Dr. Anthony Fauci, President Biden’s chief medical adviser, on Monday said the U.S. has done “worse than most” other countries as the nation nears 500,000 deaths amid the COVID-19 pandemic.
The U.S. did far worse than other advanced countries for one reason: Trump and his creepy cultish party literally did the opposite of what sane people recommended. And these insane fools haven’t learned a thing.
In other advanced countries the equivalent to the GQP weren’t running the government because they are considered fringe wackos. Only in the U.S. were enough voters dumb enough to let these fools gain power for 4 years.
It is past time to end this bullshit.
Our U.S. has not done worse, Trump and his Republican Party, all UnAmericans, have done “worse than most”.
Place the fucking blame where it belongs.
The United States has not done appreciably worse than a number of our Western European peers, including France and the U.K. Even Germany’s winter case spike was slightly worse than our own.
The UK is concentrating on getting at least one shot into everyone and putting off delivering the second shot to twelve weeks instead of 3-4, apparently, to take pressure off hospitals.
And batshit crazy GQP members in Kentucky are so furious over the election that they’re trying to Impeach the Democratic Governor for his Pandemic measure- which led to KY being the the 42 stae with the least number of cases/deaths per million in the entire country.
I presume you would count the United Kingdom and Belgium to be “advanced countries.” Both of them have significantly higher rates of COVID deaths than the United States. Italy and Portugal are both higher than the U.S. as well. France, Spain, Sweden, and Switzerland aren’t too far behind. Even the vaunted Germans let it get way out of hand this winter.

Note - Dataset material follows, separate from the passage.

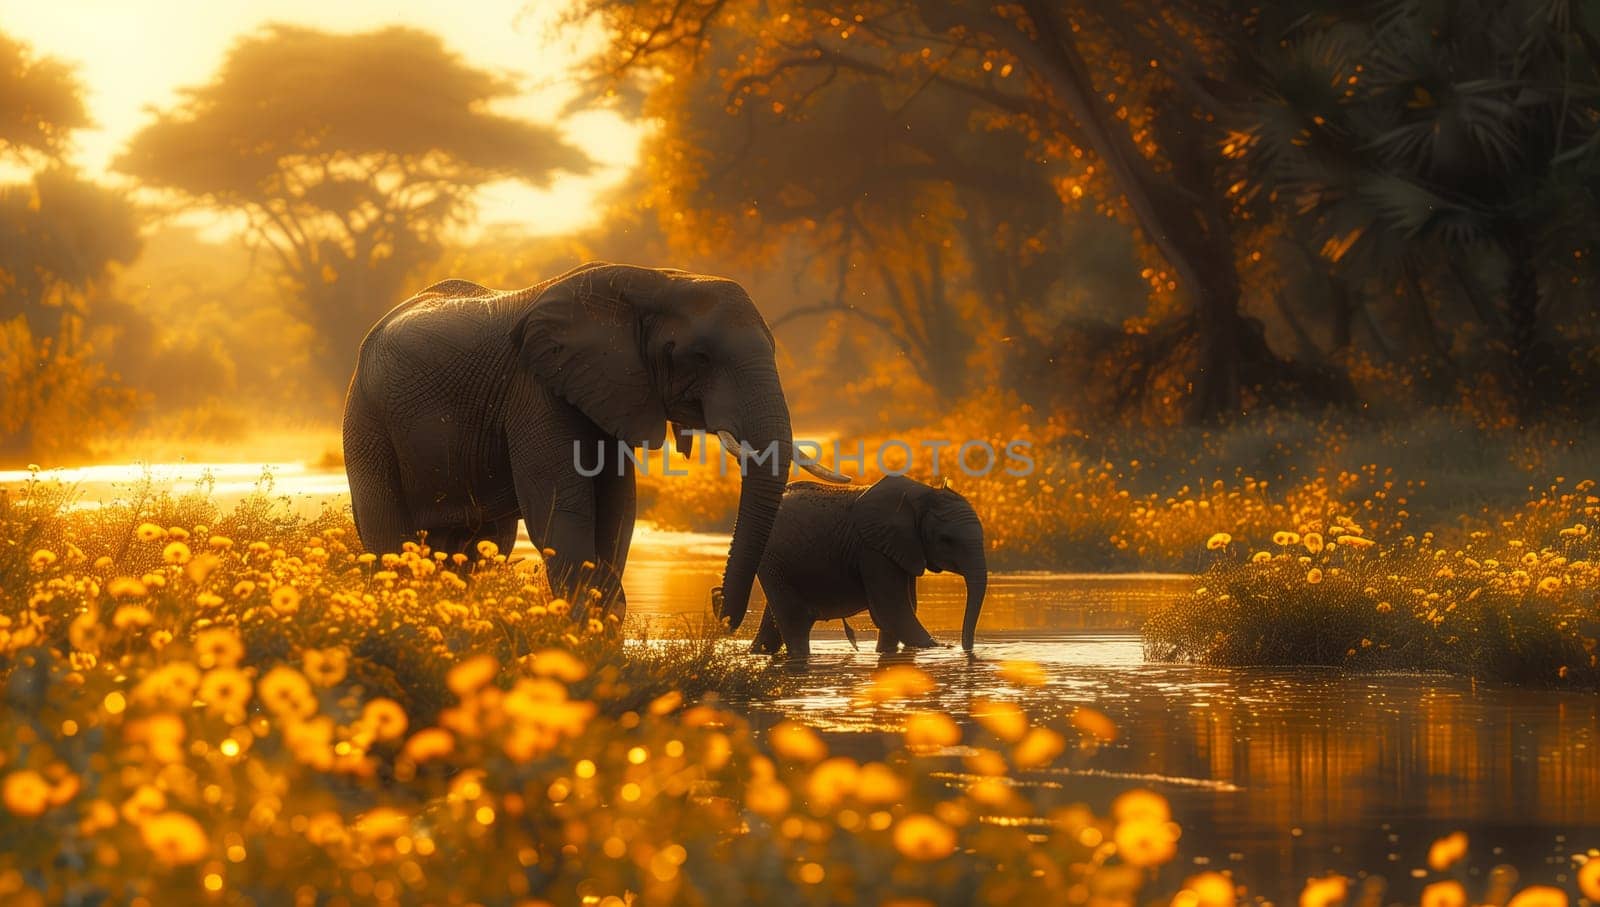 Mother and baby elephants crossing a river in natural landscape by richwolf

Yes, our response was pretty shitty. But it was not uniquely shitty.
Not so. Even after discarding low-sample-size places like Gibraltar and San Mateo, we are still behind Belgium (191 deaths per 100,000 population), the U.K. (181), Slovenia (181), the Czech Republic (181), Italy (159), and Portugal (156). At 152/100,000, the United States is pretty much on par with, or at least not too much worse than, Spain (143), France (125), Sweden (125), and Switzerland (115). And there are a bunch of other countries whose numbers are comparable to the United States but whose case reporting seems pretty likely to be unreliable, like Mexico (141, officially), Hungary (147), and Brazil (117).